I would REALLY love to see an example of a "plain scalar" that is an object.
Heck, I wouldn't even call a reference to an object a "plain scalar".

Nor should you.

Perl parlance with respect to references is traditionally sloppy. We
often speak of "arrays" and "hashes" where "array reference" and "hash
reference" would be correct. Even more so, we say "object" when what
we really have is an "object reference". Because we *must* access an
object through a reference, the term "object reference" is rarely used.
The object itself, the underlying (blessed) data structure is rather
useless (and taboo, under OO strictures), so it doesn't hurt (much)
that there is no distinct term for it.

So, in my view, saying that an object is a plain scalar is in fact
correct. Calling a ref to the scalar an "object" is common practice,
but sloppy.

Otherwise, I am quite with you that the documentation of Perl's overloading
could be better written. I have struggled with it myself.

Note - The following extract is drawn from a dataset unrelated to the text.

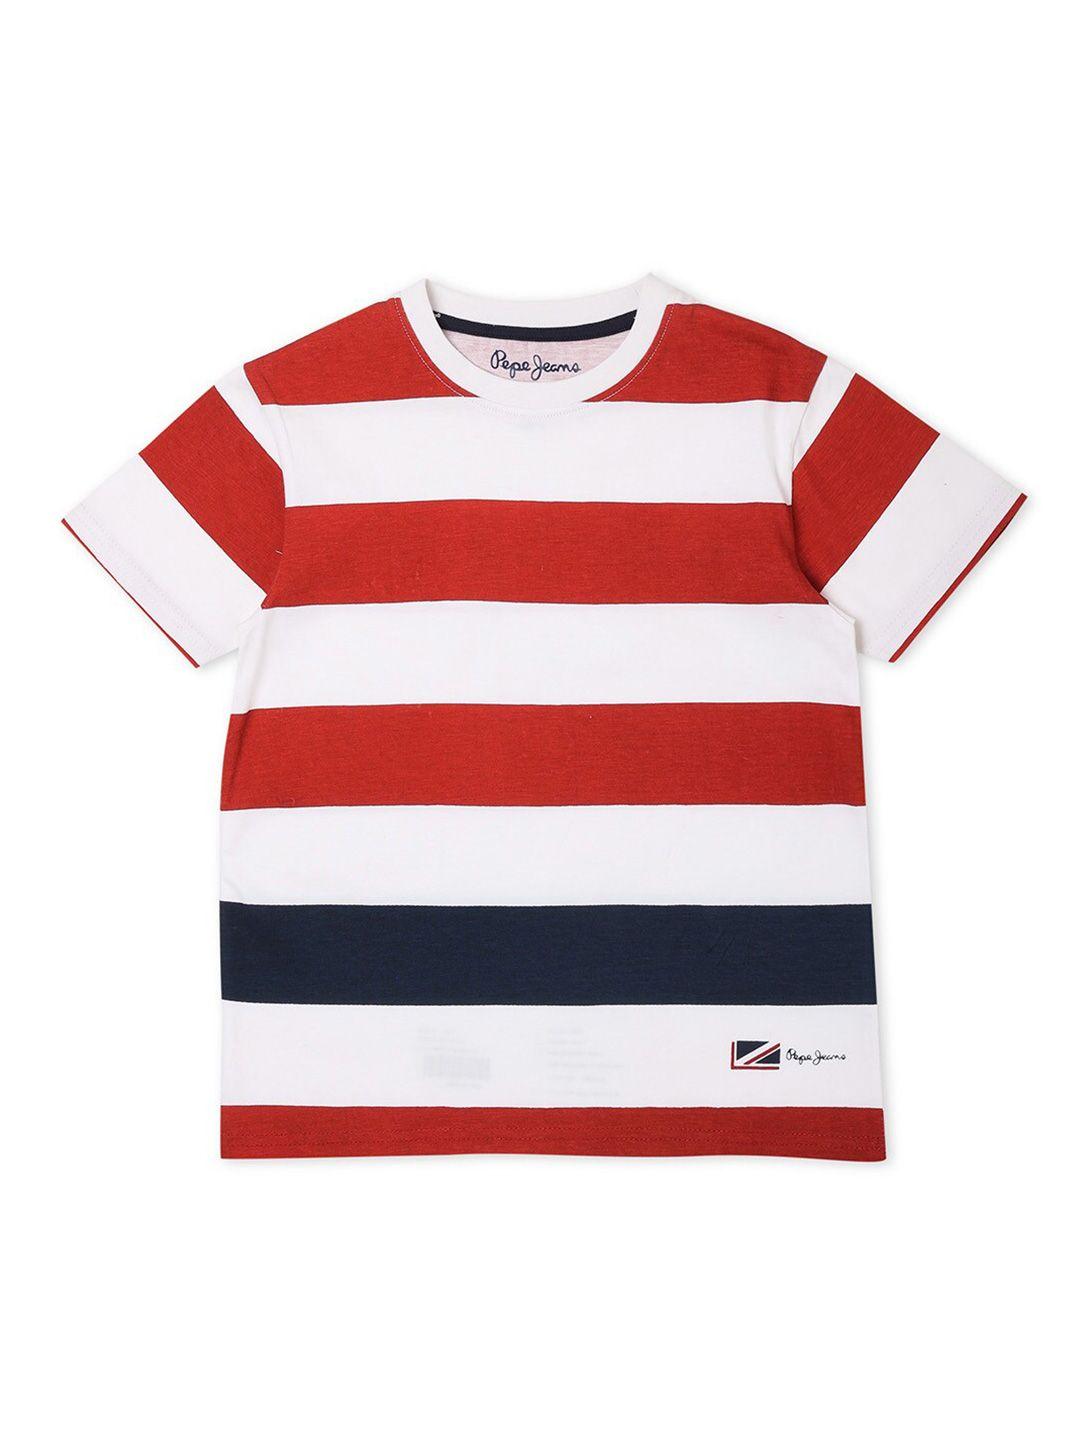 pepe jeans boys red striped t-shirt

The documentation is as open as the source. Until someone sits down
and re-writes the overload chapter, we got to work with what we have.

[big snip]

Better yet, the Perl gurus could design an "object oriented Perl" that
actually follows the tenents of OOP.

Tenets. Perl 6 will most likely be that. The current implementation
deliberately is not. That gives us additional degrees of freedom, for
instance to use one aspect of OO but not others. The Exporter module
uses inheritance, but little more. I wouldn't call it a class.

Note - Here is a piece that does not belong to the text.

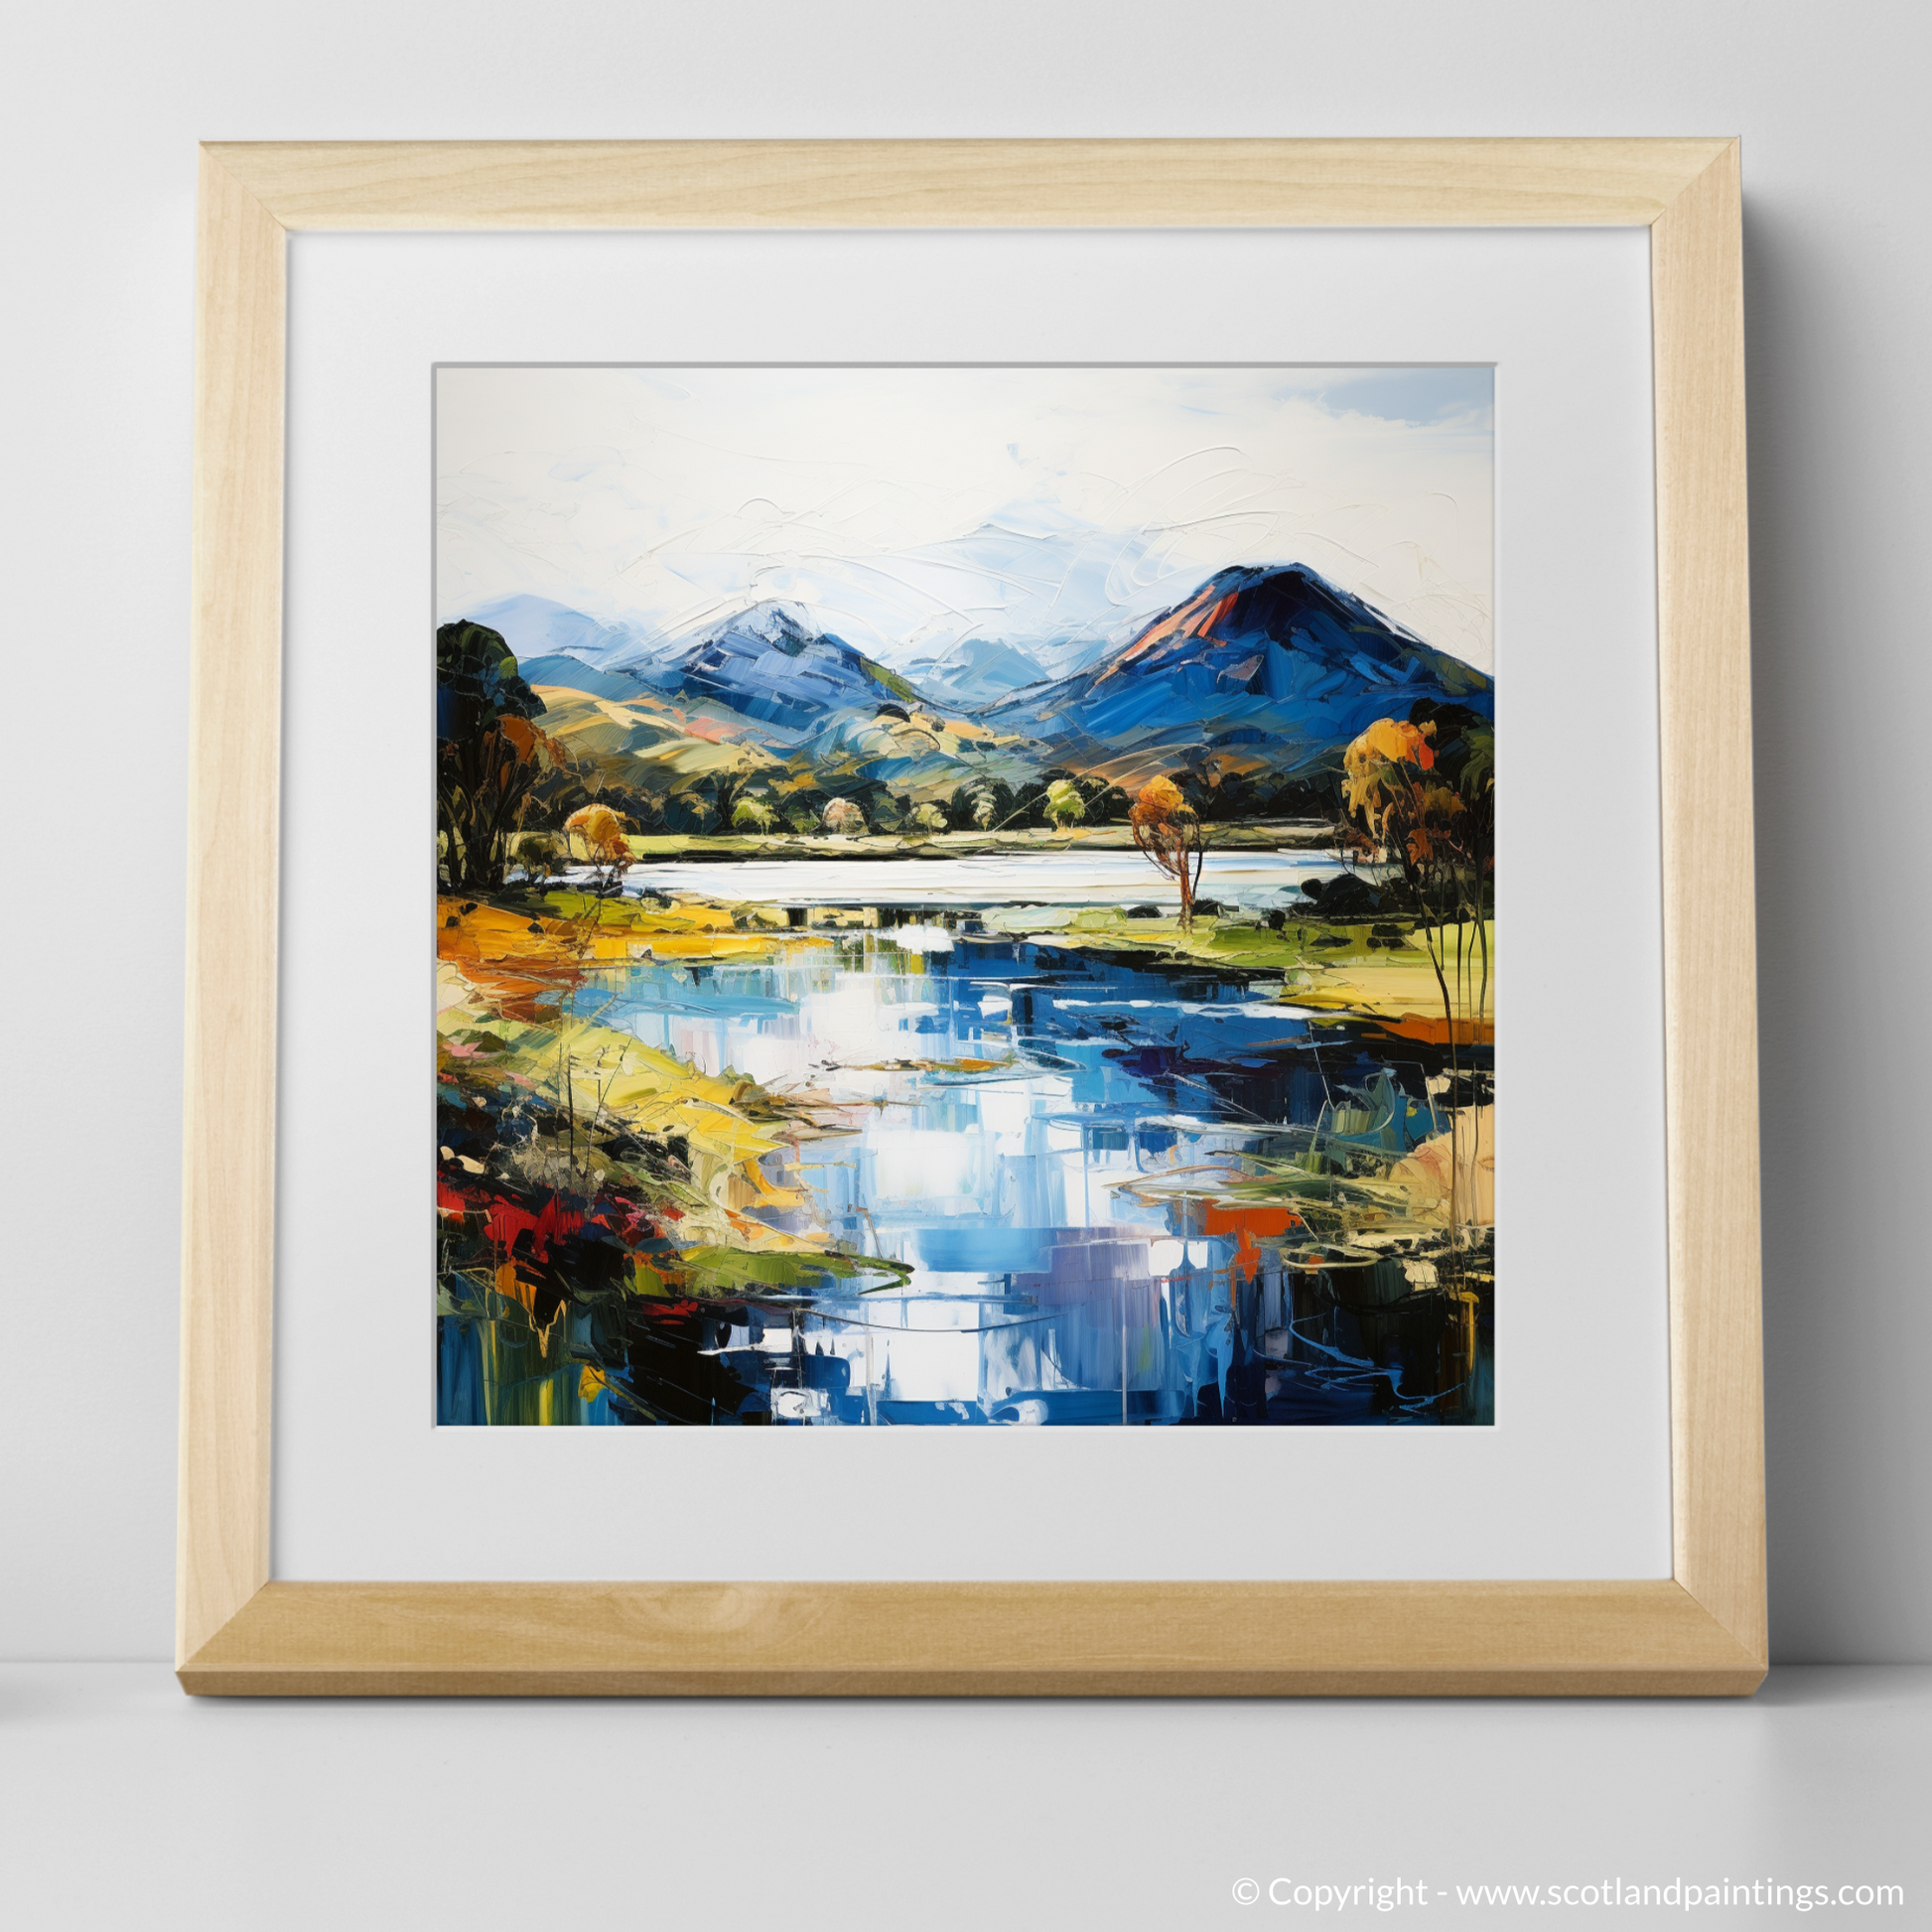 Art Print of Loch Ard, Stirling with a natural frame

BTW, don't you just love the way you can "overload" a non-existent operator,
and get no error, no exception, no warning?

Minor quibble. Report a bug if it bothers you. I'm sure it is trivial
to fix.

Anno

 

[Ben Morrow]

[you're very close to going in the killfile. I'd tone down your comments
*just* a little if I were you...]

Quoth (e-mail address removed) (Unknown Poster):

You've got to be joking. This is a violation of abstraction atits most
basic. The whole point of OO is to separate interface from implementation,
and this situation is as blatant a mixing of the two as you can get.

Please explain... AFAICS, the only person who needs to know if a copy
constructor is called or not is the class's author, and they are exactly
the only person who knows whether ++ was explicitly overloaded or not.
Am I missing something?

Perhaps Wall, Christiansen, and Orant are all afraid of the number 13,
as evidenced by this chapter being written in such a sloppy manner.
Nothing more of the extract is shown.